White Andrew J, Gibaldi Marco, Burner Jake, Mayo R Alex, Woo Tom K
Department of Chemistry and Biomolecular Sciences, University of Ottawa, Ottawa, Canada K1N 9A4.
J Am Chem Soc. 2025 May 28;147(21):17579-17583. doi: 10.1021/jacs.5c04914. Epub 2025 May 15.

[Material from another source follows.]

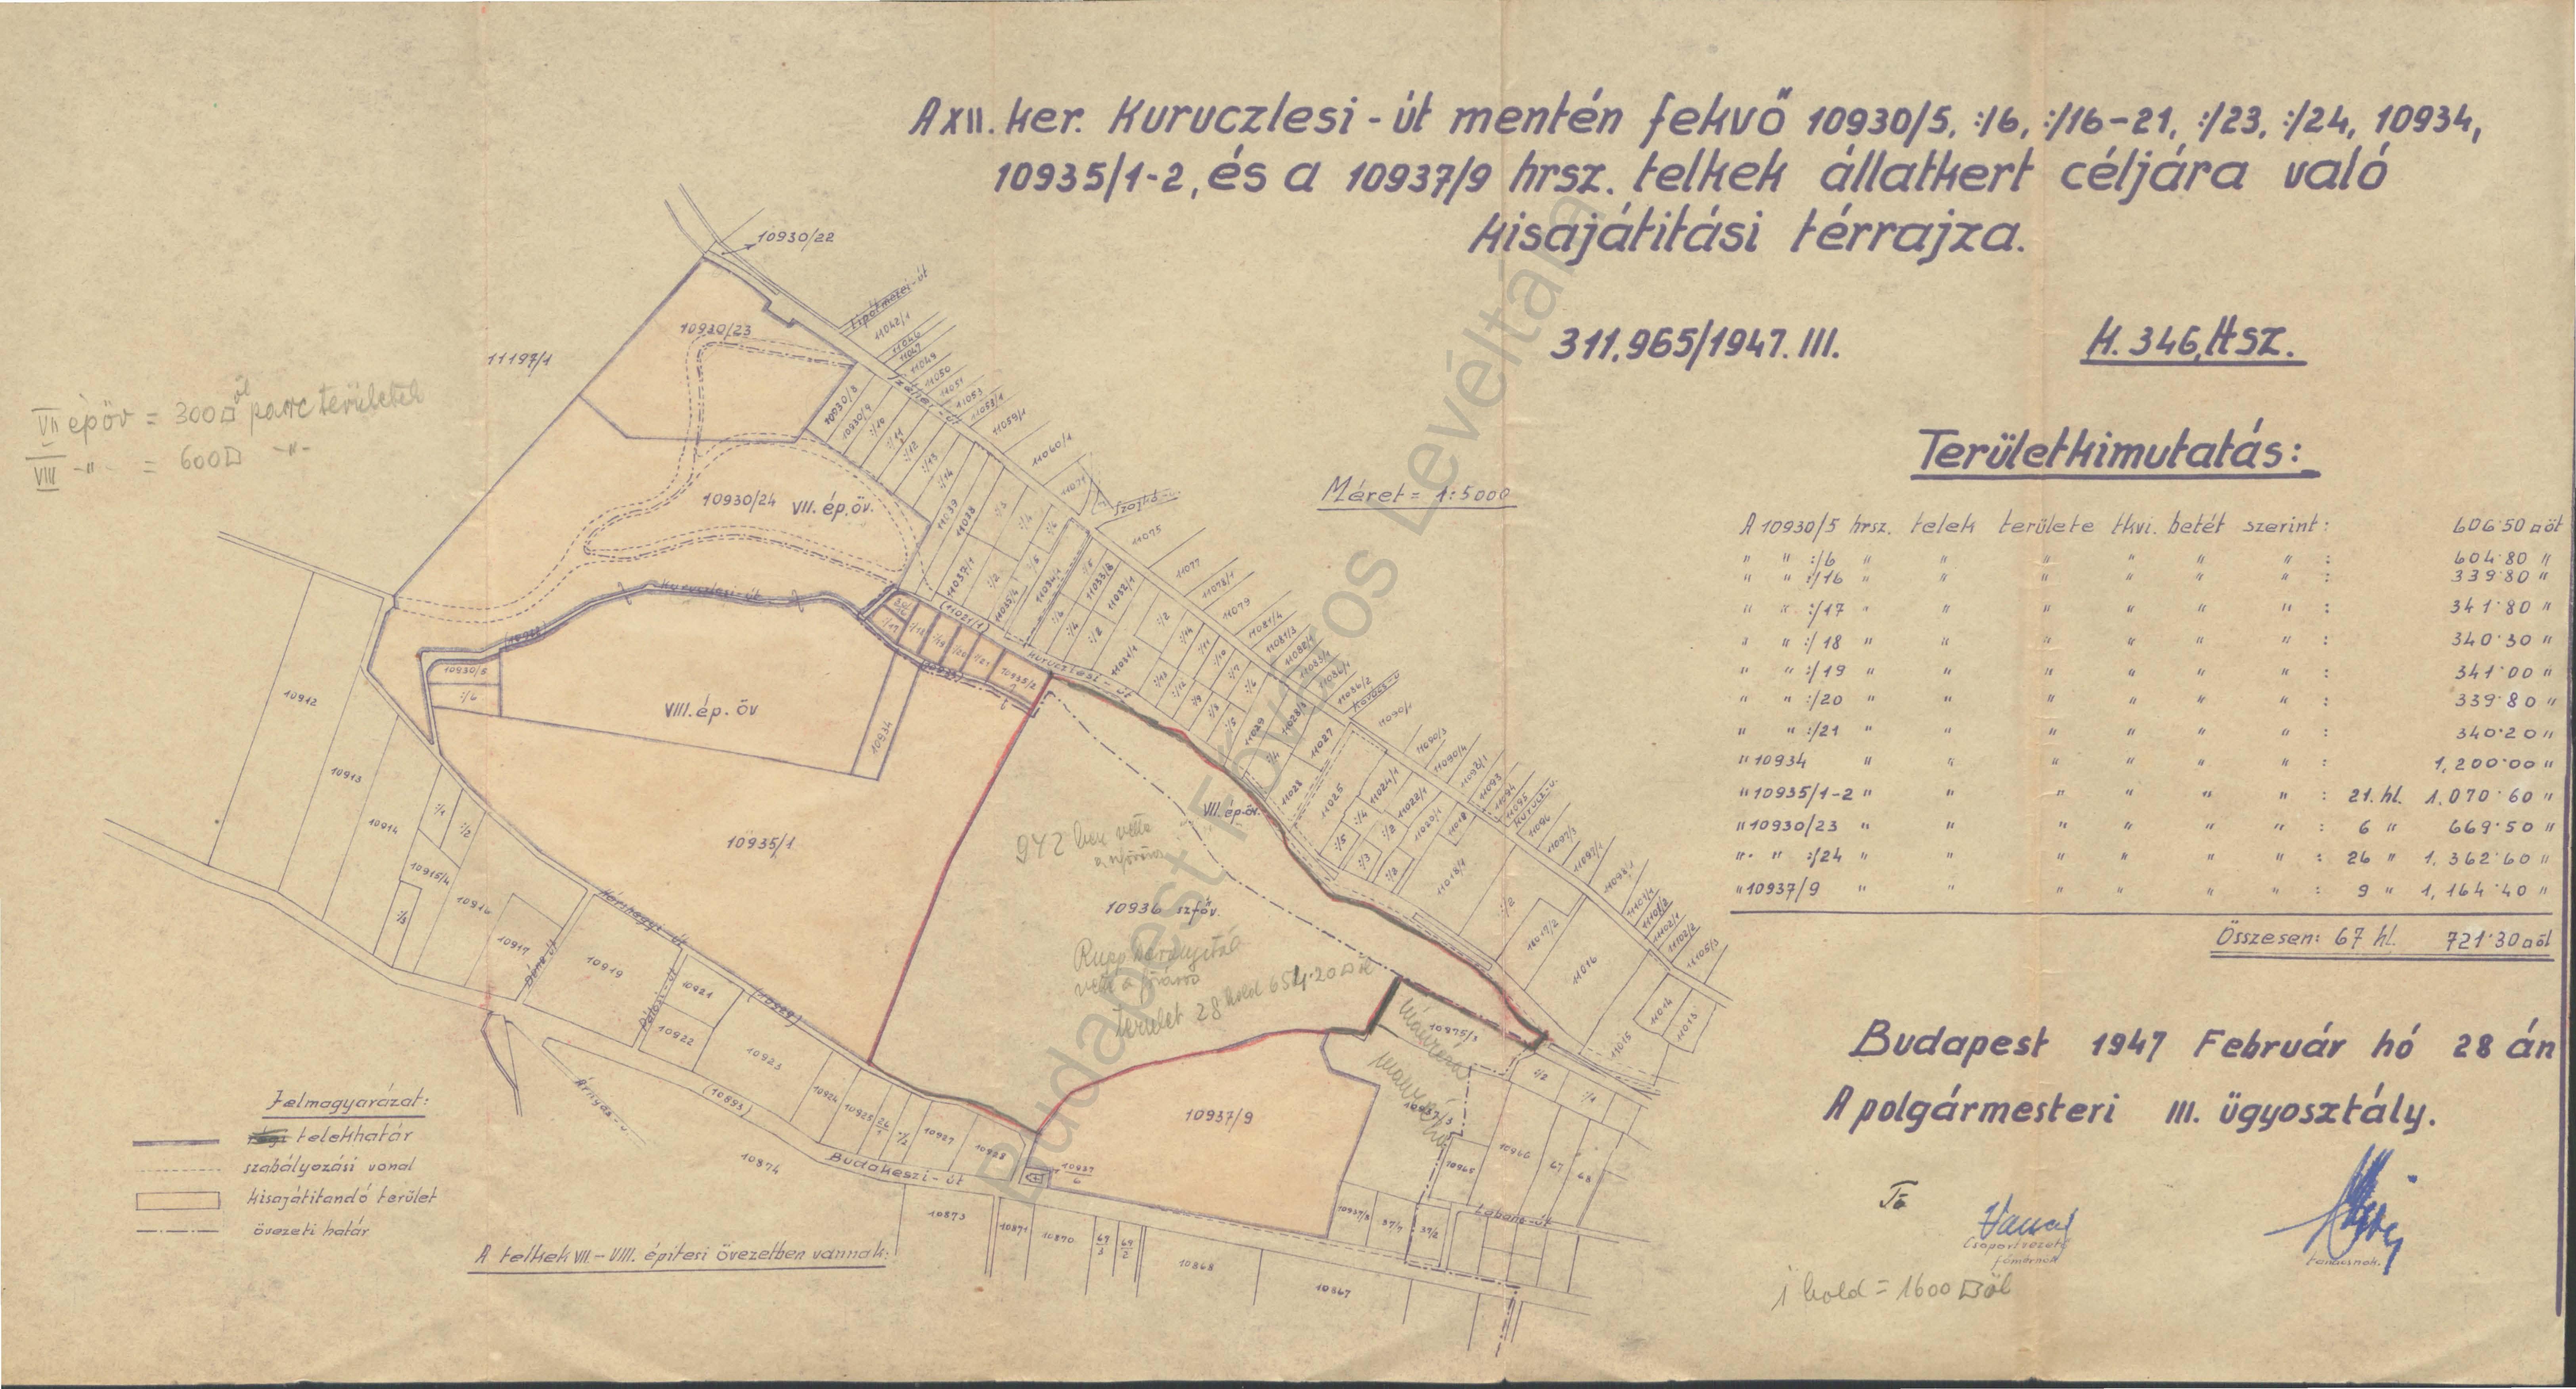 3. kép. Az új állatkert helyének szánt terület részletes térrajza 1947-ben (HU BFL IV.1409.c XI. 1256/1945)

"Computation-ready" metal-organic framework (MOF) databases provide essential raw data for high-throughput computational screening (HTS) and machine-learning approaches to materials discovery. However, the structural fidelity of these databases remains largely unquantified. We introduce MOSAEC, an algorithm that detects chemically invalid structures based on metal oxidation states. MOSAEC was manually validated against 14,796 MOF structures from the popular CoRE database and found to flag erroneous structures with 96% accuracy. Examination of 14 leading experimental and hypothetical MOF databases containing >1.9 million structures reveals structural error rates exceeding 40% in most cases. Analysis of 8 recent HTS studies which highlighted top-performing candidates shows that 52% of these structures were chemically invalid.
“计算就绪”的金属有机框架(MOF)数据库为高通量计算筛选(HTS)和材料发现的机器学习方法提供了重要的原始数据。然而,这些数据库的结构保真度在很大程度上仍未得到量化。我们引入了MOSAEC,一种基于金属氧化态检测化学无效结构的算法。MOSAEC针对来自流行的CoRE数据库的14796个MOF结构进行了人工验证,发现其标记错误结构的准确率为96%。对包含超过190万个结构的14个领先的实验性和假设性MOF数据库进行检查发现,在大多数情况下,结构错误率超过40%。对8项最近突出表现最佳候选物的HTS研究进行分析表明,这些结构中有52%在化学上是无效的。